Pour ce faire, ils se sont appuyés sur les informations de Pharmaprojects, une base de données commerciale qui suit les activités mondiales de recherche et de développement pharmaceutique dans plus de 150 pays.
Ils se sont concentrés sur le premier lancement dans chaque pays d’un nouveau médicament contre le cancer, quelle que soit son indication thérapeutique, et sur la date à laquelle il est devenu disponible pour un traitement dans ce pays.
Ils ont utilisé des données de la Banque mondiale pour regrouper les pays en fonction de la taille de la population, du revenu national brut ou RNB (un indicateur de la capacité et de la volonté de payer), de l'indice de Gini (mesure des inégalités dans la répartition des revenus) et du nombre de médecins pour 1 000 habitants. la population.
Et pour quantifier le besoin en médicaments anticancéreux, ils ont extrait les taux bruts d’incidence du cancer pour chaque pays de l’Observatoire mondial du cancer.
Au cours de la période d’étude, 568 nouveaux médicaments contre le cancer ont été lancés dans le monde et les auteurs ont inclus dans leur analyse un total de 4 184 lancements de médicaments ou approbations réglementaires (1 115 ; 27 %) pour ces médicaments contre le cancer dans 111 pays.
Plus de la moitié des médicaments ont été lancés au cours de la dernière décennie, dont 35 % en 2018-2022 et 20 % en 2013-2017. Cela se compare à 22 % en 2003-2012 et à 18 % en 1993-2002.
Au 31 décembre 2022, 35 % des 568 médicaments avaient été lancés dans un seul pays ; 22 % avaient été lancés dans 2 à 5 pays ; et 43% dans plus de cinq.

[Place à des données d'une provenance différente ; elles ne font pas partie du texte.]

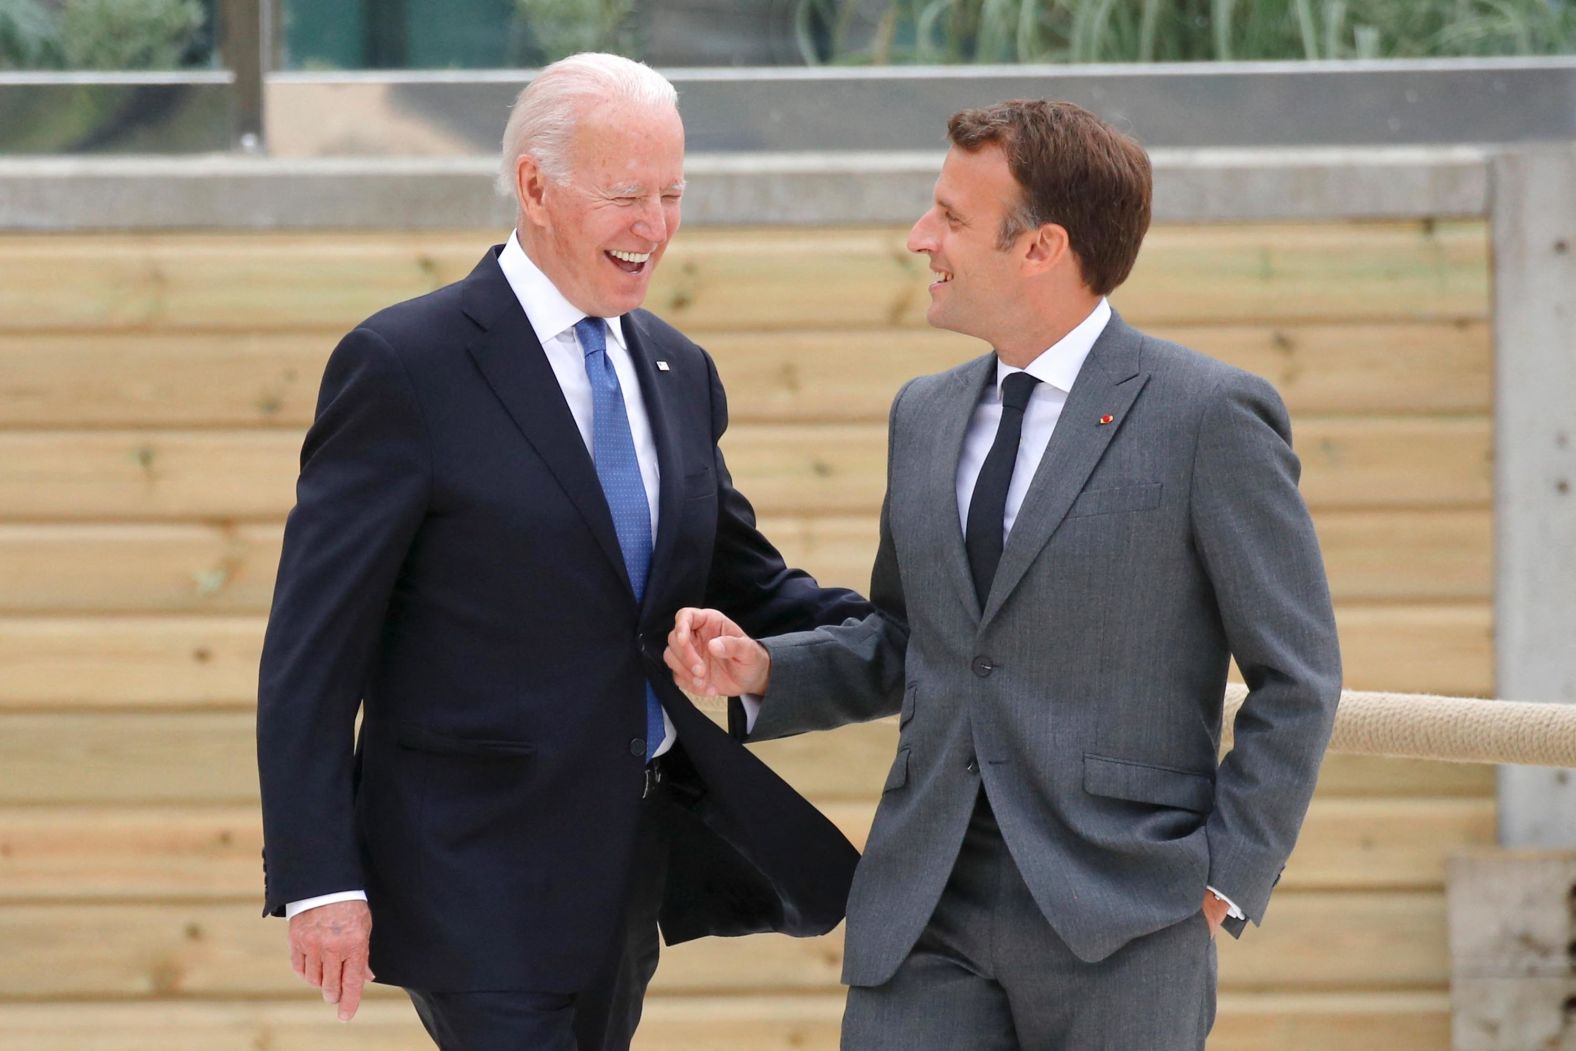 Biden and French President Emmanuel Macron walk along the boardwalk during the G7 summit on Friday. <a href="index.php?page=&url=https%3A%2F%2Fwww.cnn.com%2F2021%2F06%2F12%2Fpolitics%2Fbiden-macron-bilateral-g7%2Findex.html" target="_blank">They met for a more formal meeting on Saturday</a> and discussed a number of issues. "We have to deal with this pandemic and the Covid-19. We have to face a lot of challenges, a lot of crises, climate change, and for all these issues, what we need is cooperation, and I think it's great to have a US President part of the club and very willing to cooperate," Macron said.

Mais le nombre de lancements de nouveaux médicaments contre le cancer varie considérablement à travers le monde, selon l'analyse. Les régions avec le plus de lancements étaient l'Amérique du Nord, l'Europe occidentale, l'Asie de l'Est et l'Australie, les régions du monde à revenus élevés.
Les régions qui en ont le moins sont l'Afrique, l'Asie du Sud-Est, le Moyen-Orient et l'Asie centrale, ainsi que l'Europe de l'Est, les régions du monde à revenus faibles et intermédiaires.
Au niveau national, le nombre de nouveaux médicaments anticancéreux lancés variait de 0 à 345. Les pays avec le plus grand nombre de lancements étaient : les États-Unis (345) ; Japon (224) ; Canada (221); Australie (204) ; le Royaume-Uni (191) ; et Chine (169).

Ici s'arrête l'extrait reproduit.